• **SUPPLIED INFORMATION**:
━━━━━━━━━━━━━━━━

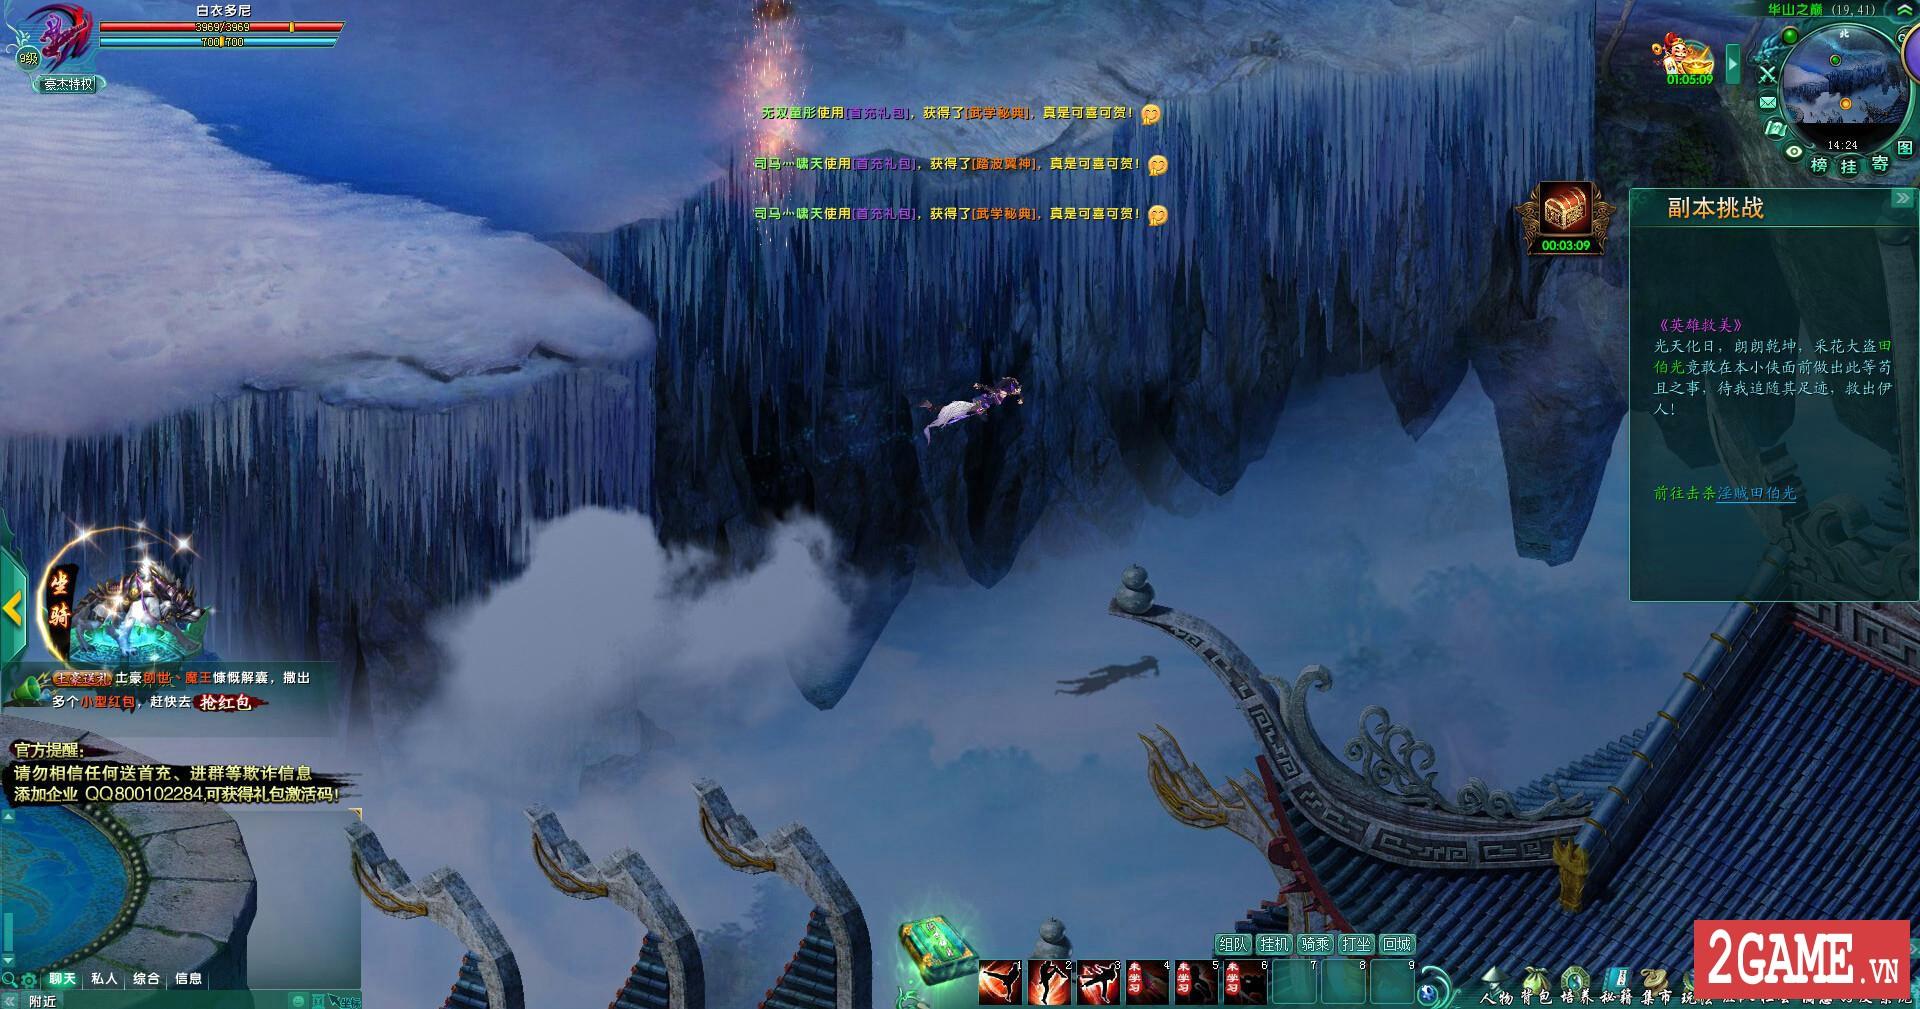 Tuyệt Thế Bí Tịch – Truy tìm bí tịch đệ nhất võ công với gameplay nhập vai truyền thống 4
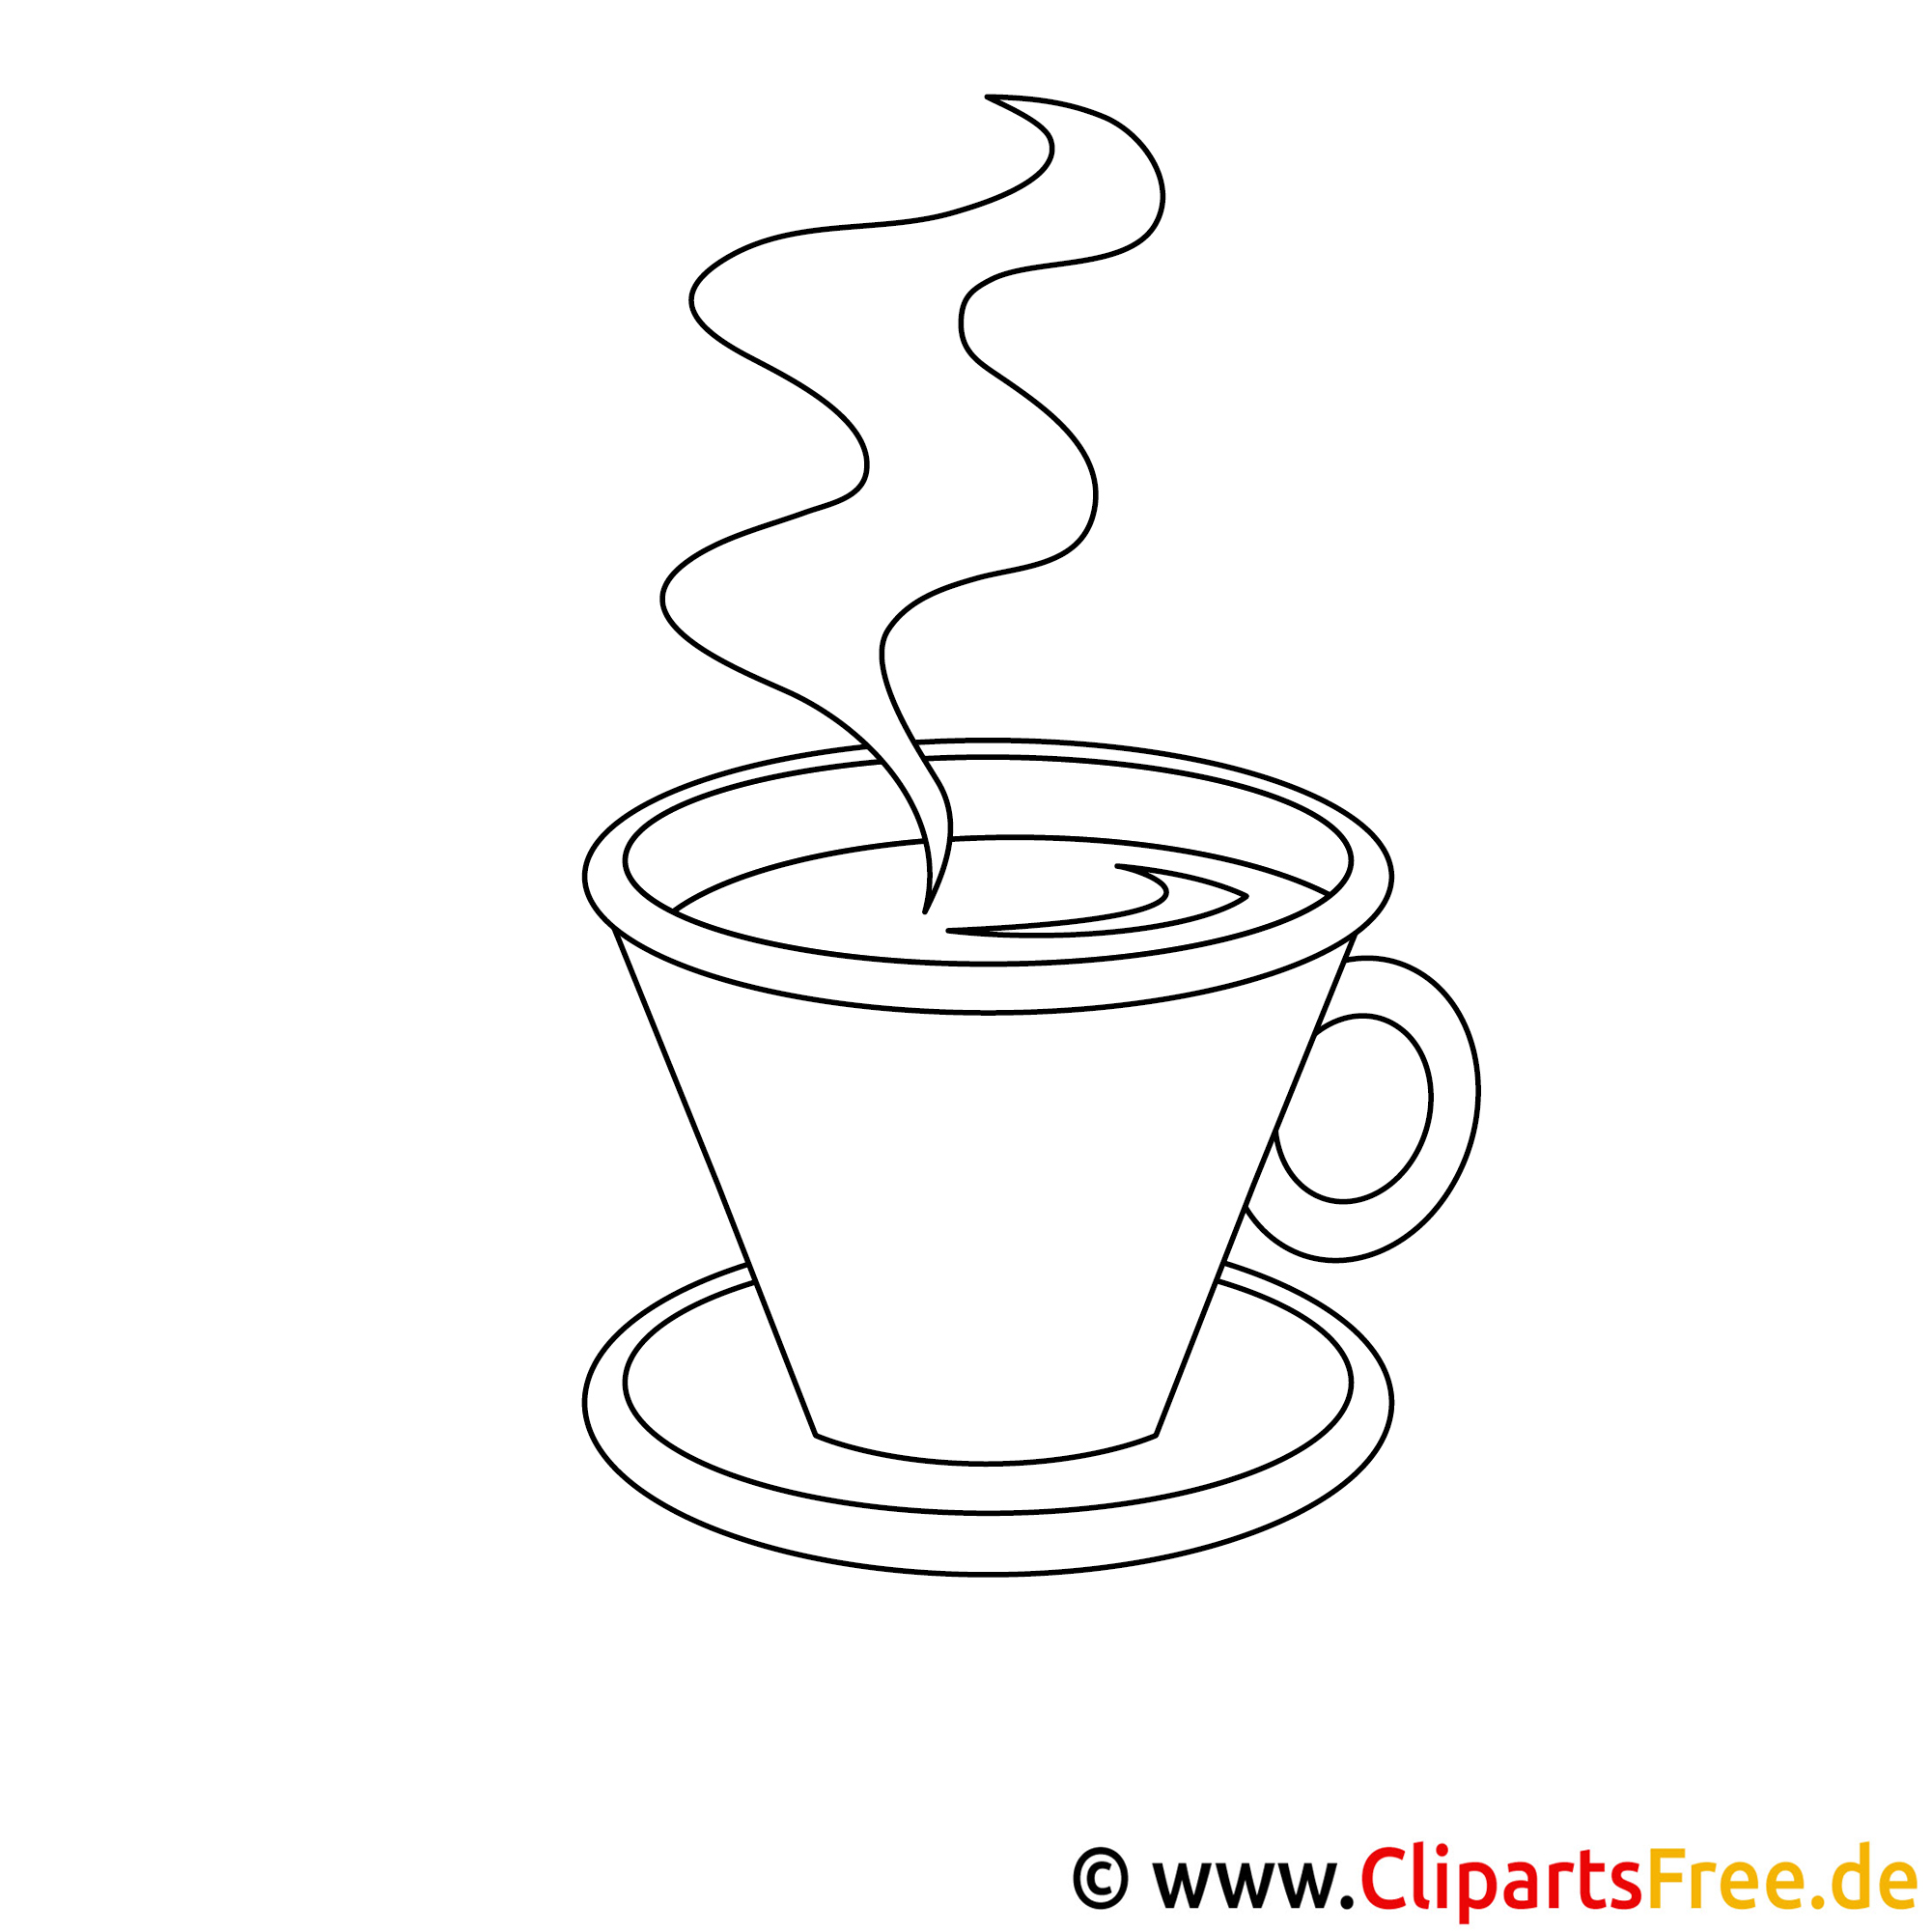 kaffeetasse bild zum ausmalen malvorlage ausmalbild. Black Bedroom Furniture Sets. Home Design Ideas
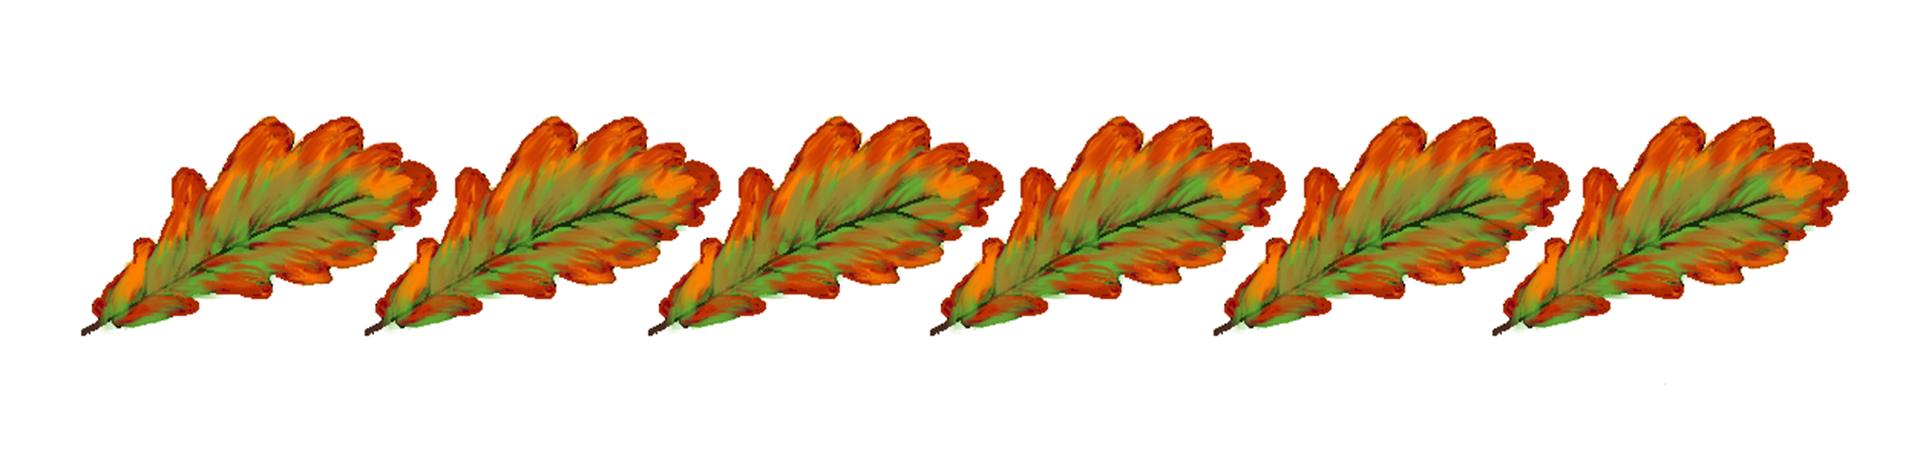 Ilustracja przedstawiająca ornament zjesiennych liści
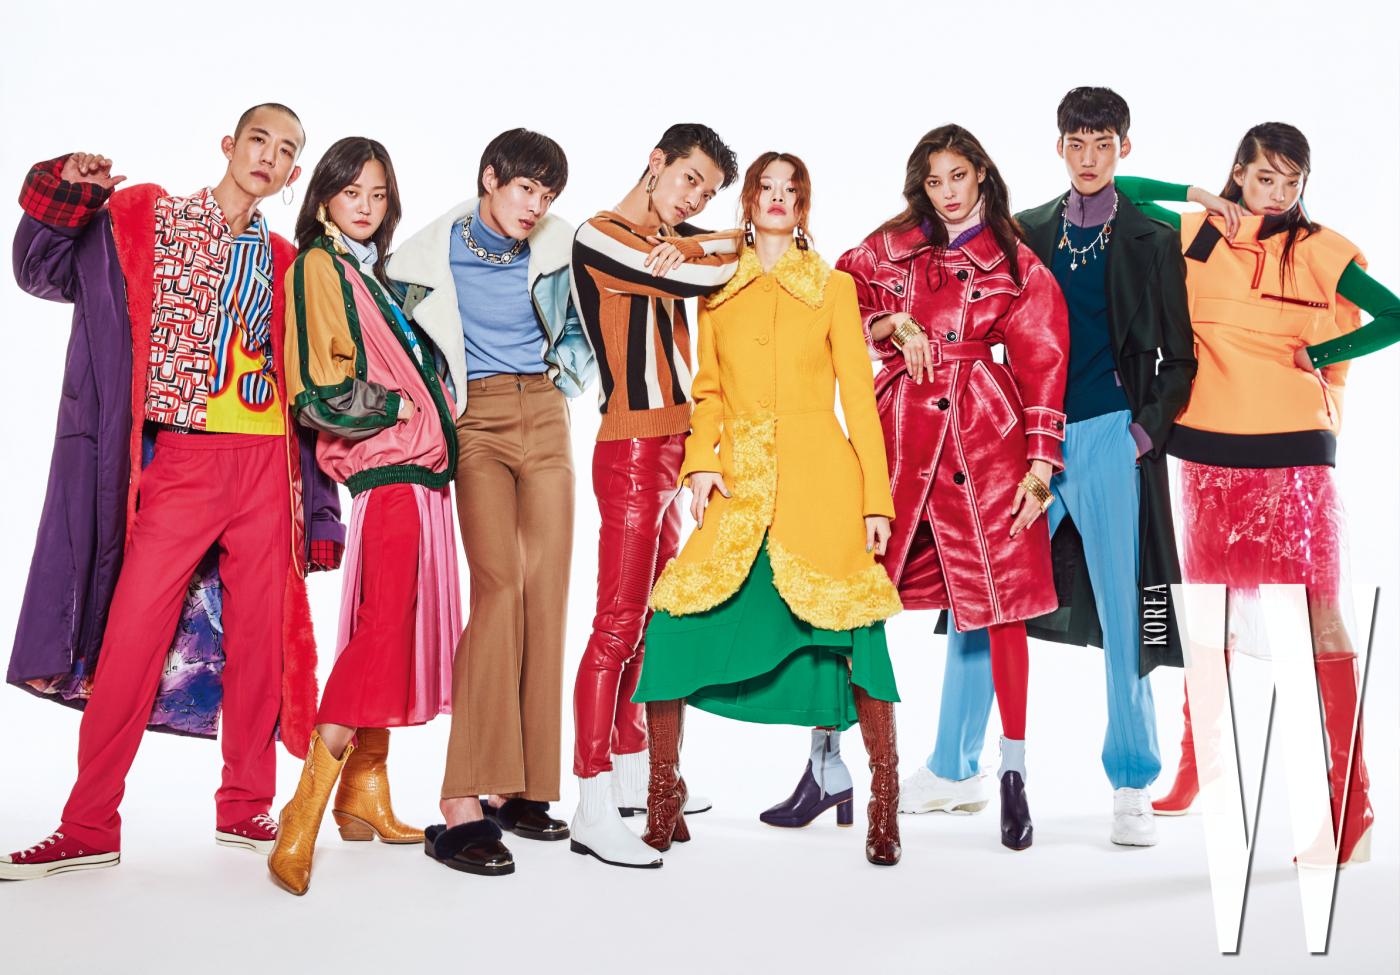 다니엘 오가 입은 코트는 Big Park, 프린트 셔츠는 Prada, 분홍색 팬츠는 Valentino, 스니커즈는 Converse. 이어링은 1064 Studio 제품. 강승현이 입은 스웨이드 재킷과 셔츠는 Gucci, 분홍 스커트는 Eenk, 노란색 부츠는 Fendi, 이어링은 1064 Studio 제품. 박경진이 입은 재킷, 팬츠, 슈즈는 모두 Ordinary People, 터틀넥은 Acne Studios, 주얼 네크리스는 Louis Vuitton 제품. 전준영이 입은 줄무늬 니트는 Sandro, 빨간 팬츠는 Zara, 흰색 첼시 부츠는 Wooyoungmi, 이어링은 Fendi 제품. 김아현이 입은 노란 퍼 코트는 Moschino, 녹색 드레스는 Hugo Boss, 갈색 롱부츠는 Dries Van Noten, 주얼 이어링은 Zara 제품. 티아나가 입은 코트, 니트, 넥워머는 모두 Miu Miu, 앵클 힐은 Dew E Dew E, 골드 뱅글은 Chloe 제품. 정용수가 입은 코트, 트랙 톱, 팬츠는 모두 Valentino, 스니커즈는 Valentino Garavani, 주얼 네크리스는 1064 Studio 제품. 김설희가 입은 패딩 베스트, 오간자 드레스, 시퀸 스커트는 모두 Prada, 녹색 터틀넥은 Hugo Boss, 빨간 부츠는 Stuart Weitzman 제품.

━━━━━━━━━━━━━━━━

• **WHAT IS EXPECTED**: Restate word for word only the lines from the one with "kaffeetasse bild zum" through the last line of the material, both included. Any picture should be left out.

• **ANSWER BOX**:
 kaffeetasse bild zum ausmalen malvorlage ausmalbild. Black Bedroom Furniture Sets. Home Design Ideas
 Ilustracja przedstawiająca ornament zjesiennych liści
 다니엘 오가 입은 코트는 Big Park, 프린트 셔츠는 Prada, 분홍색 팬츠는 Valentino, 스니커즈는 Converse. 이어링은 1064 Studio 제품. 강승현이 입은 스웨이드 재킷과 셔츠는 Gucci, 분홍 스커트는 Eenk, 노란색 부츠는 Fendi, 이어링은 1064 Studio 제품. 박경진이 입은 재킷, 팬츠, 슈즈는 모두 Ordinary People, 터틀넥은 Acne Studios, 주얼 네크리스는 Louis Vuitton 제품. 전준영이 입은 줄무늬 니트는 Sandro, 빨간 팬츠는 Zara, 흰색 첼시 부츠는 Wooyoungmi, 이어링은 Fendi 제품. 김아현이 입은 노란 퍼 코트는 Moschino, 녹색 드레스는 Hugo Boss, 갈색 롱부츠는 Dries Van Noten, 주얼 이어링은 Zara 제품. 티아나가 입은 코트, 니트, 넥워머는 모두 Miu Miu, 앵클 힐은 Dew E Dew E, 골드 뱅글은 Chloe 제품. 정용수가 입은 코트, 트랙 톱, 팬츠는 모두 Valentino, 스니커즈는 Valentino Garavani, 주얼 네크리스는 1064 Studio 제품. 김설희가 입은 패딩 베스트, 오간자 드레스, 시퀸 스커트는 모두 Prada, 녹색 터틀넥은 Hugo Boss, 빨간 부츠는 Stuart Weitzman 제품.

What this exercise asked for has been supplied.